Possible improvementsEdit

Common MediaWiki namespaceEdit

One suggestion for dealing with the problems of importing and exporting messages from the MediaWiki namespace is to create a common site from which all projects (at least all Wikimedia Foundation projects) draw their interface messages. Thus, translations could be made with instant effect across all projects. However, this runs into the problem of #l10n versus customisation, since a system would then be needed for making project-specific versions "on top of" the centrally maintained ones. While it would be possible to use the central version only where no local version has been created, this would be equivalent to updating from LanguageXX.php only those messages which hadn't been customised - leaving any changes necessary to those that had been editted just as unnoticed as before.
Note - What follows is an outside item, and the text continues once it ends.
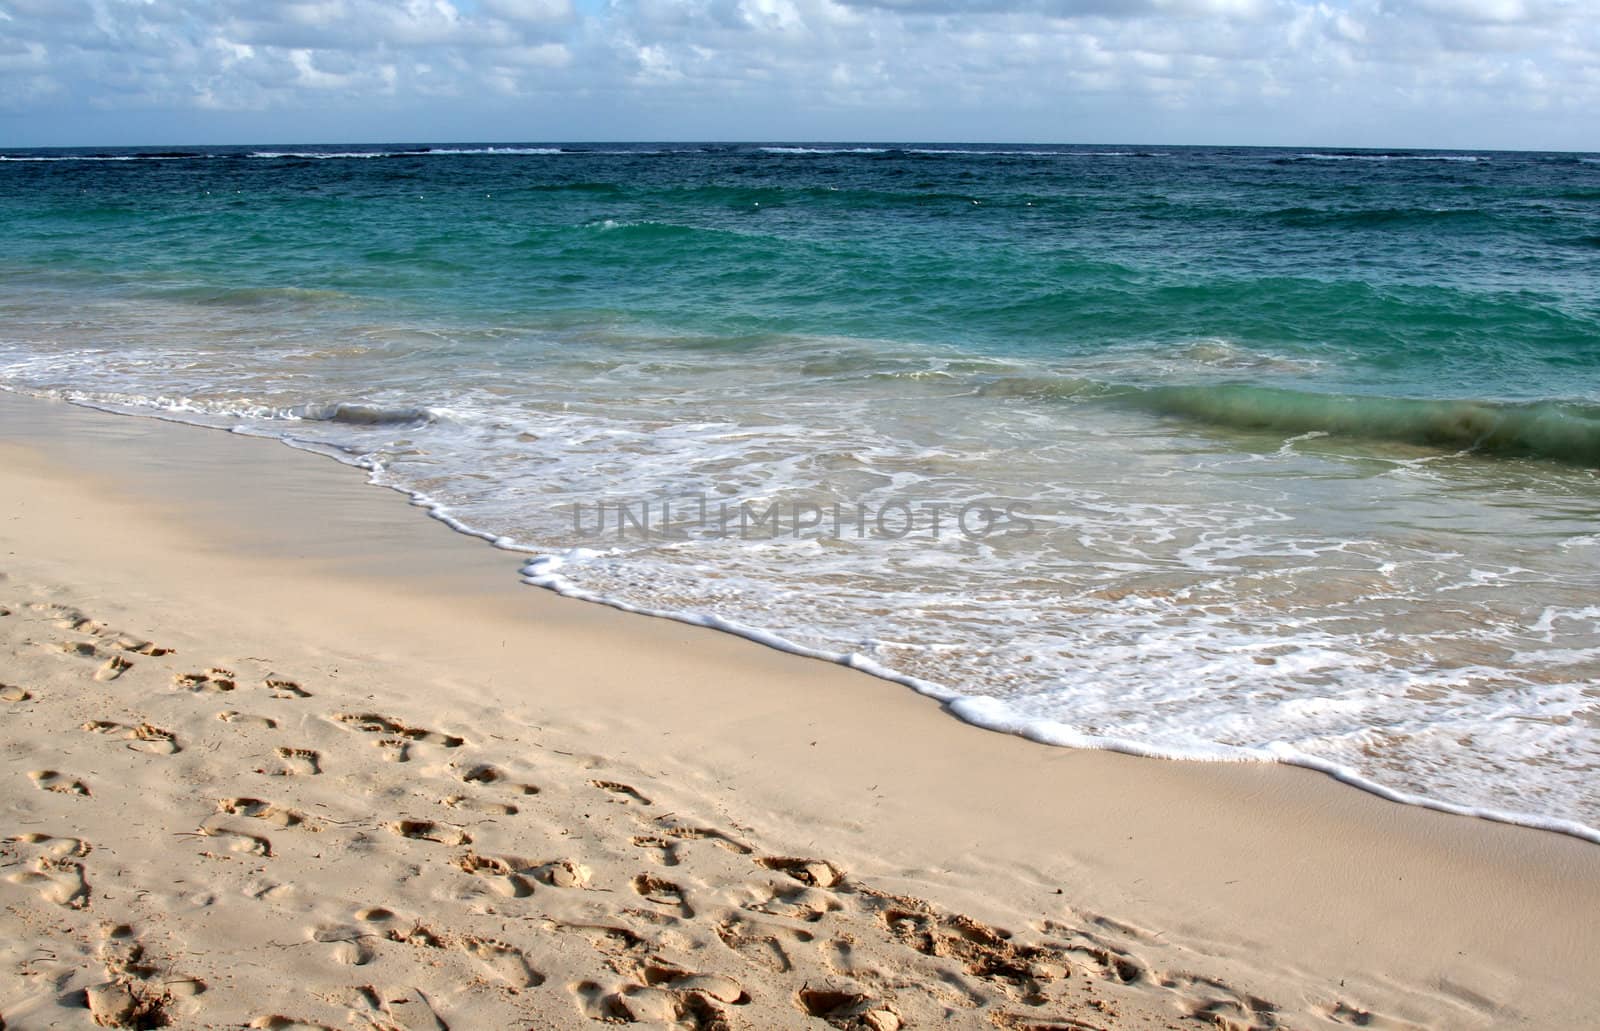 The beautiful beach of Punta Cana, Dominican Republic.  Shot a couple hours after dawn.

A central point for managing the l10n of the software is, however, a sensible idea; with proper import (and export) facilities in individual installations, this could be used as the basis of the translation for all users (including those downloading the software from Sourceforge). To a certain extent, the pages here on meta on which LanguageXX.php files are (sometimes) created is an attempt at this.
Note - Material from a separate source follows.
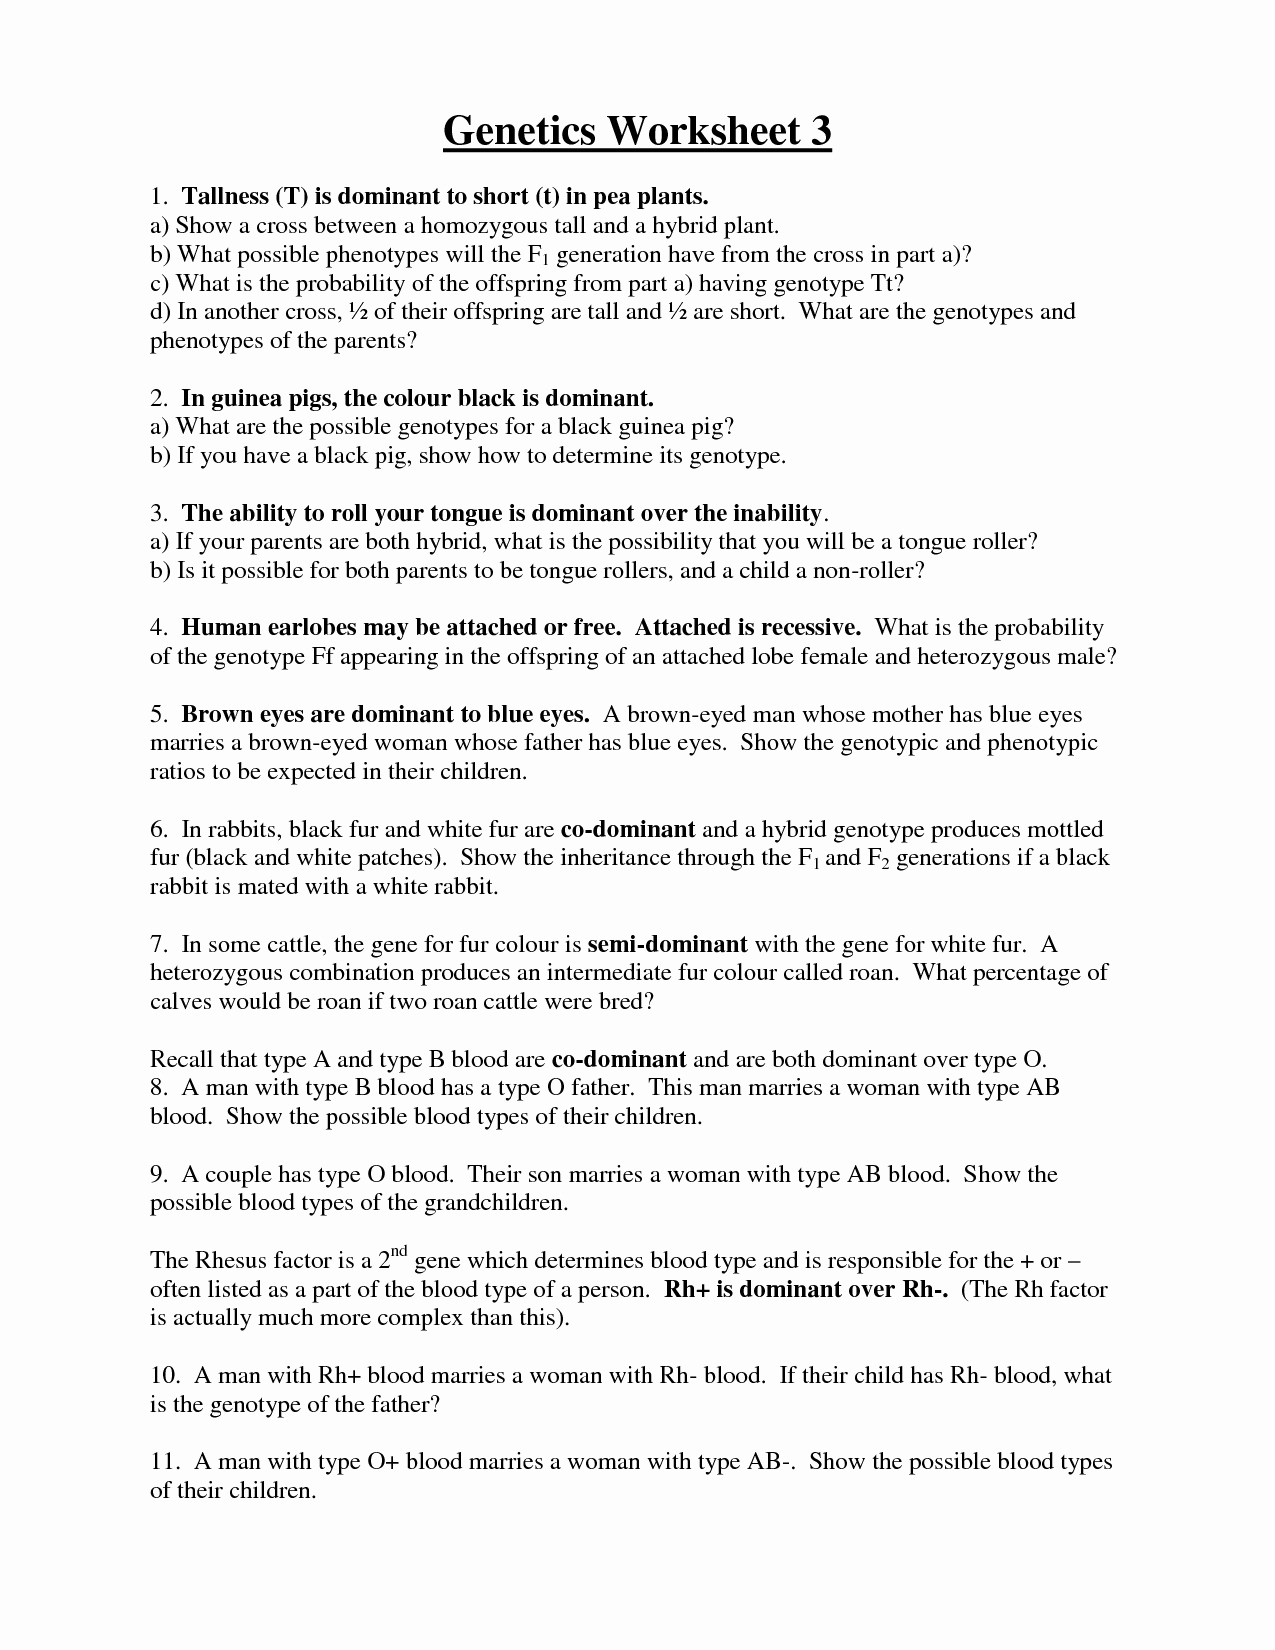 Blood Type and Inheritance Worksheet New 16 Best Of Blood Type Worksheet Answer Key

l10n management softwareEdit

In order to solve the problems with #Synchornisation between languages, it would be useful to run a piece of software - either written from scratch or adapted from something existing - to keep track of which messages had up-to-date translations in which languages. Such a piece of software would ideally:

  • allow the editting of each message, perhaps in a wiki style (history, RecentChanges, etc)
  • allow developers to flag a message as changed in a new version
  • show at a glance which messages in a particular language were either untranslated or out-of-date
  • export the messages automatically to LanguageXX.php files
    • possibly also allow trusted users to check these into Sourceforge and/or install them into running Wikimedia projects
  • either import from, or perhaps allow comparison with, the MediaWiki namespaces of existing projects

A l10n installerEdit

In order for any of this to be any use, however, the MediaWiki software itself needs to have a system for installing the new translations. This could take the form of a "l10n installer", which would run during pgrade to a new software version, and also "on demand" when a new LanguageXX.php file was made available. It could:

  • over-write all those pages in the MediaWiki namespace that had never been editted with messages from the new LanguageXX.php (we can't just not create them on install, because they've already been created long ago)
  • create a list of those messages which had been customised, but which had also been changed in the new LanguageXX.php file, and therefore needed review. This list would then somehow have to be brought to the attention of the project's community of users.